The growth of insurance business anywhere in the world is dependent on the growth of the larger economy. Nigeria is a developing economy with a lot of poor people and poor financial power to make economic decisions that can drive growth.
The implication is that the citizens still have very low economic power (purchasing power) to afford basic needs and so insurance which is usually the least in their order of priority barely gets attention of the populace.
These accounts why market penetration is still very low at less than 0.4 percent despite the huge population of about 200 million, with total premium of the industry at below N500 billion per annum.
60 years after independence, the insurance industry like many other sectors in the economy is still crawling despite a lot of efforts by operators and regulators to create market awareness.
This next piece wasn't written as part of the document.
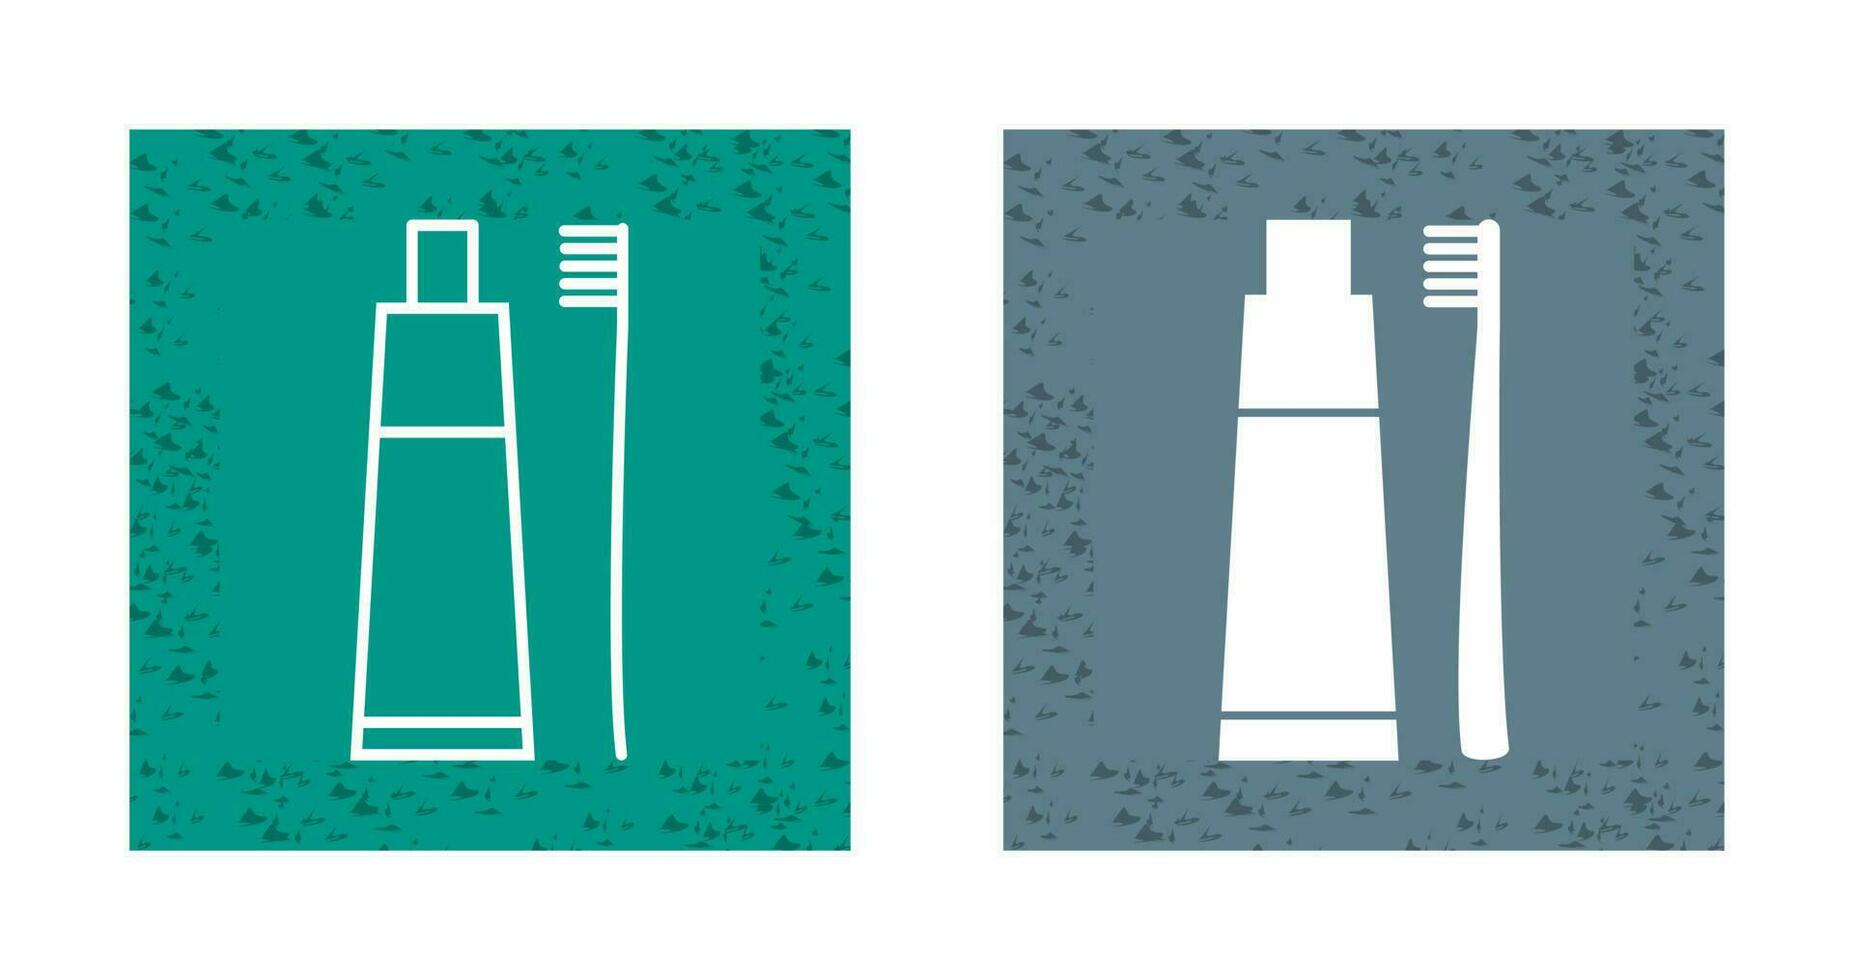 Vektorsymbol für Zahnbürste und Zahnpasta vektor

Most a times, the lack of penetration is usually blamed on low level of awareness, but this is not really the truth as research findings show that it is largely due to low economic powers of many Nigerians, even though culture is also an issue.
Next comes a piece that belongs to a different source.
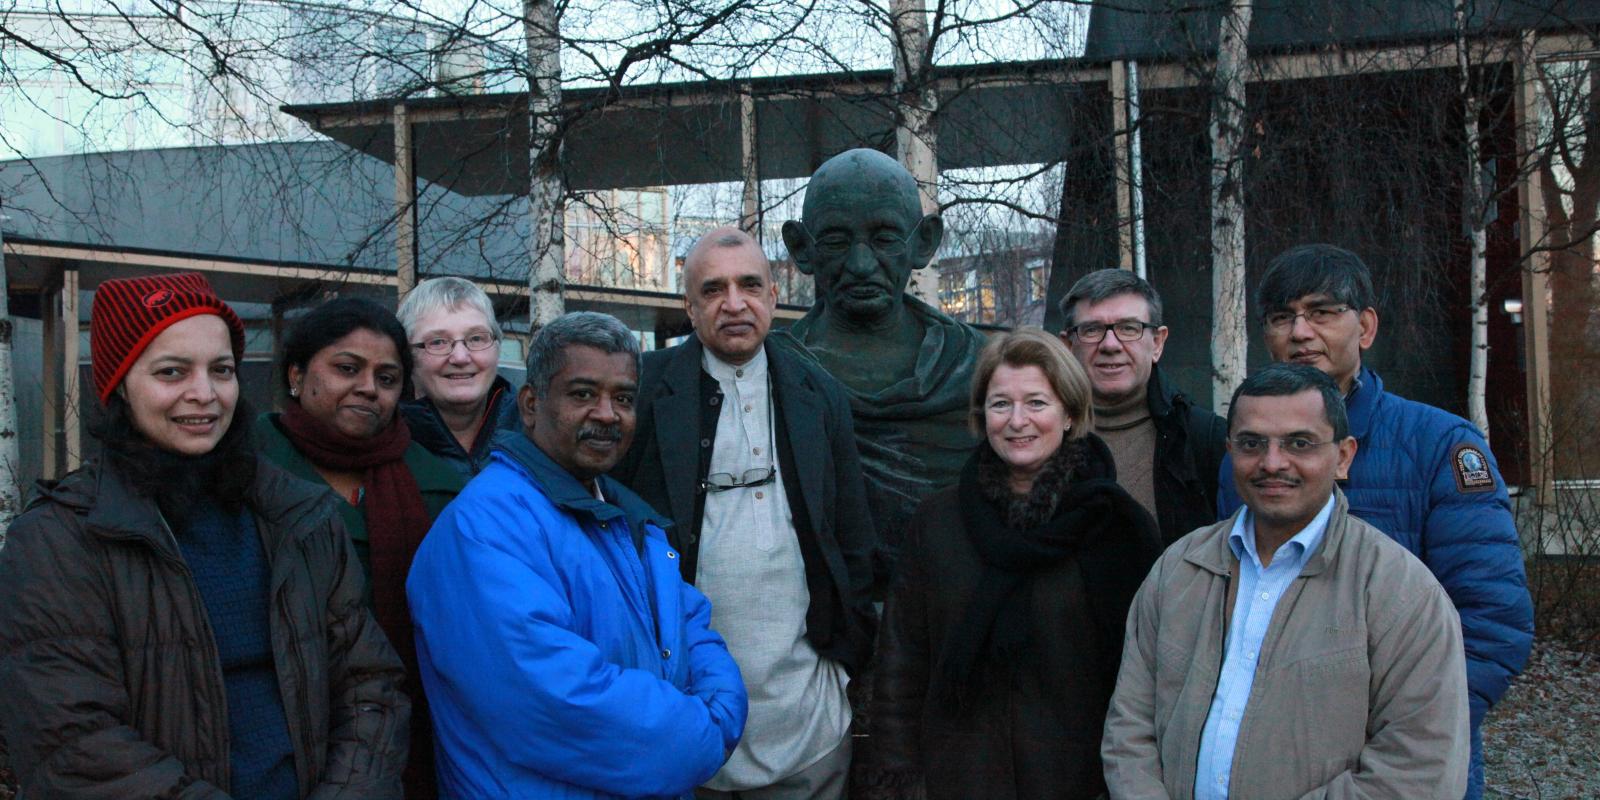 NAFKAM og UiT hadde besøk denne uken av samarbeidspartnere fra både India og Norge. Her ved Gandhi-statuen på UiTs campus. F.v. Ashwini Godbole, Vijayalakshmi Banu, Solveig Wiesener, Hariramamurthi Govindaswamy, Darshan Shankar, Anne Husebekk, Vinjar Fønnebø, Girish Tillu, Purusotam Basnet.

In this case, when people are not able to acquire assets then insurance does not grow, given that the economy is dried of credits for housing, mortgage opportunities.
Dominic Onyeulor, an insurance broker in his analysis of the state of the insurance industry today said the greatest challenge of the industry is poor state of the economy, which no doubt is as a result of the dwindling national revenue following the sharp drop in the price of crude oil being a mono-economy that largely depends on oil.
Onyeulor however noted that with Nigeria’s population estimated to surpass 200 million in 2020, and about 40 percent of that within the youthful age, there is a huge opportunity for underwriters in Nigeria to explore and tap potential of a larger retail market for inclusive insurance.
The future of the Nigerian insurance industry is going to be eventful and vibrant as the industry continues to seek various means to deepen insurance penetration in Nigeria, while also increasing its capacity to underwrite big ticket risks, come up with better technology infrastructure for distribution and better service delivery, as well as well innovative products.
He said it’s expected that the contribution of insurance to the GDP will increase tremendously when the on-going recapitalisation of the sector is concluded by June 2021, with emergence of mega insurance and reinsurance companies.
That Nigeria is now 60 years means that the country is ripe for development in all ramifications, and this no doubt will impact the insurance industry as well as other sectors of the economy if government begins to make right policies that will increase the purchasing power of the average Nigerian.